Introduction to Named Entity Recognition (NER)
Named Entity Recognition (NER) is the process of labeling named-entities in the text. Named entities are real-world objects such as persons, locations, organizations etc, that can be denoted by a proper name.
Here is the Stanford-NER result for the sentence: “Khan Academy is a Mountain View based non-profit educational organization created by educator Salman Khan.”
ORGANIZATION: Khan Academy, LOCATION: Mountain View, PERSON: Salman Khan
How do we do NER?
The are multiple approaches towards named entity recognition. The simplest one, used in the earlier days was creating a named entity dataset and doing a lookup for every input sentence in the dataset for named entities. Here, our datasets can be lists. For example, one list might be organization/company named entities like:
organizations = [Apple, Google, Microsoft, Dell, Intel, ... ]
and another one might be location entities:
locations = [Mountain View, Bangalore, Amsterdam, ..]

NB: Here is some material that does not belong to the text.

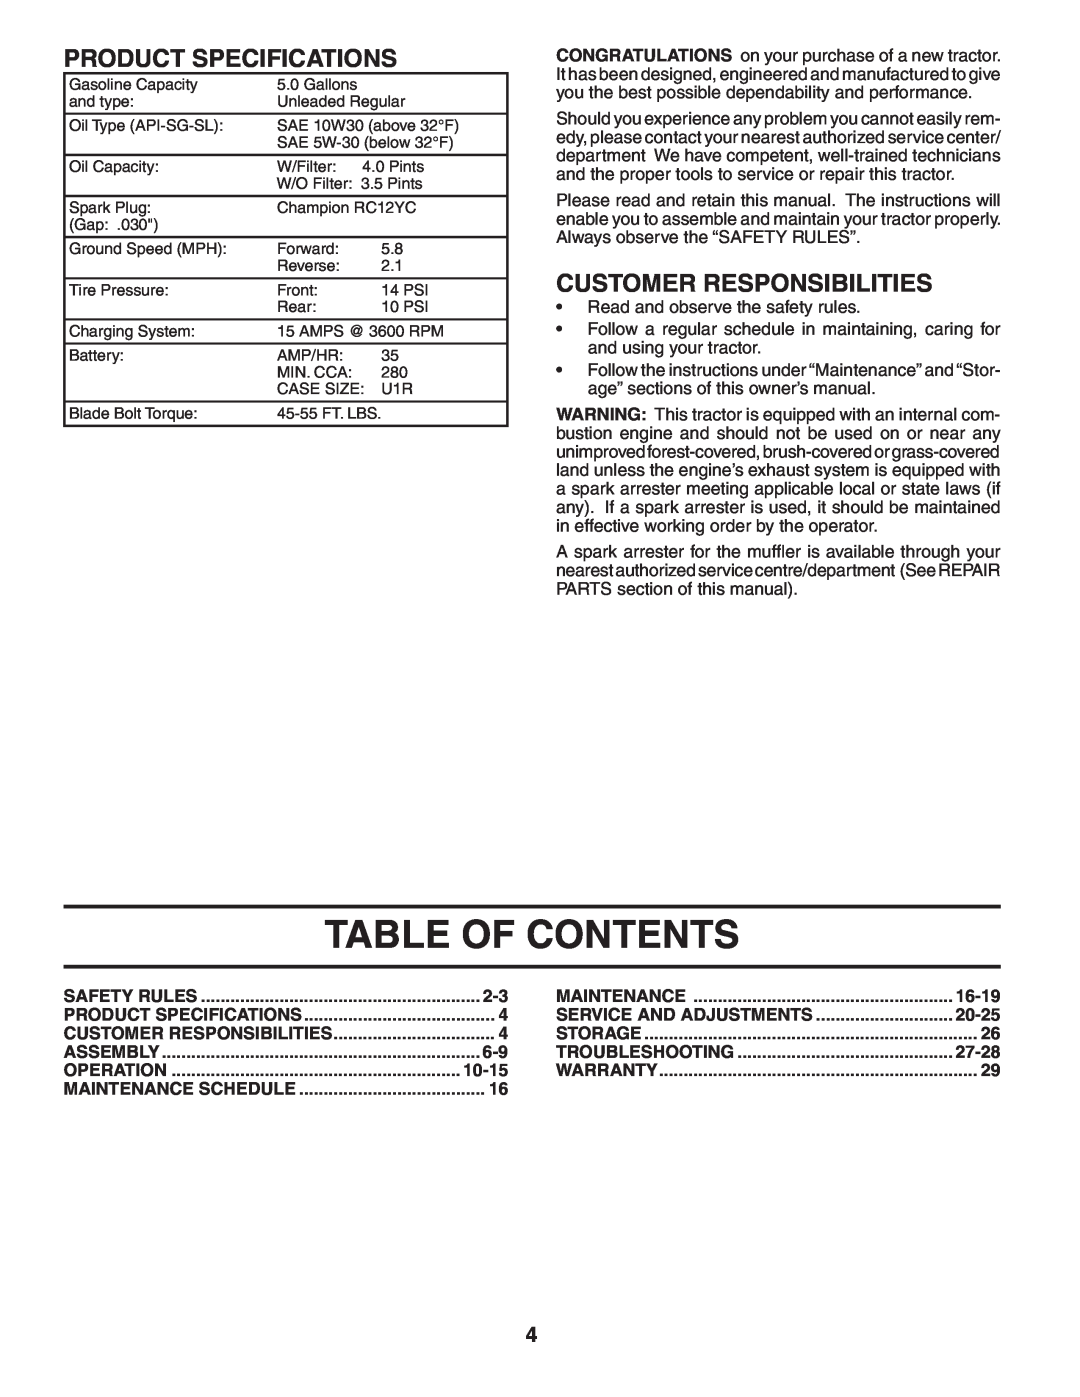 Poulan PKGTH2554 manual Table Of Contents, Product Specifications, Customer Responsibilities

And the process of entity recognition is doing a direct match using these lists for possible named entities (organizations and locations- in our case).
But there's an obvious problem with this approach. This method fails to get the context of a sentence for entity recognition. For example in the sentence: "Some Apples are red, but not any red apple is green”, our entity recognition program might mistag Apple as an organization (because it is in our organization list) even though it was the fruit apple which is referred in the sentence.
Approaches
Practical approached for NER can be either based on linguistic grammar-based techniques or Machine learning or a combination of both.
Grammer based techniques require a lot of man-hours from experienced computational linguistics to create hand-crafted grammar based solutions which will have good precision, but a lower recall. These techniques have become less popular since the arrival of better machine learning based techniques.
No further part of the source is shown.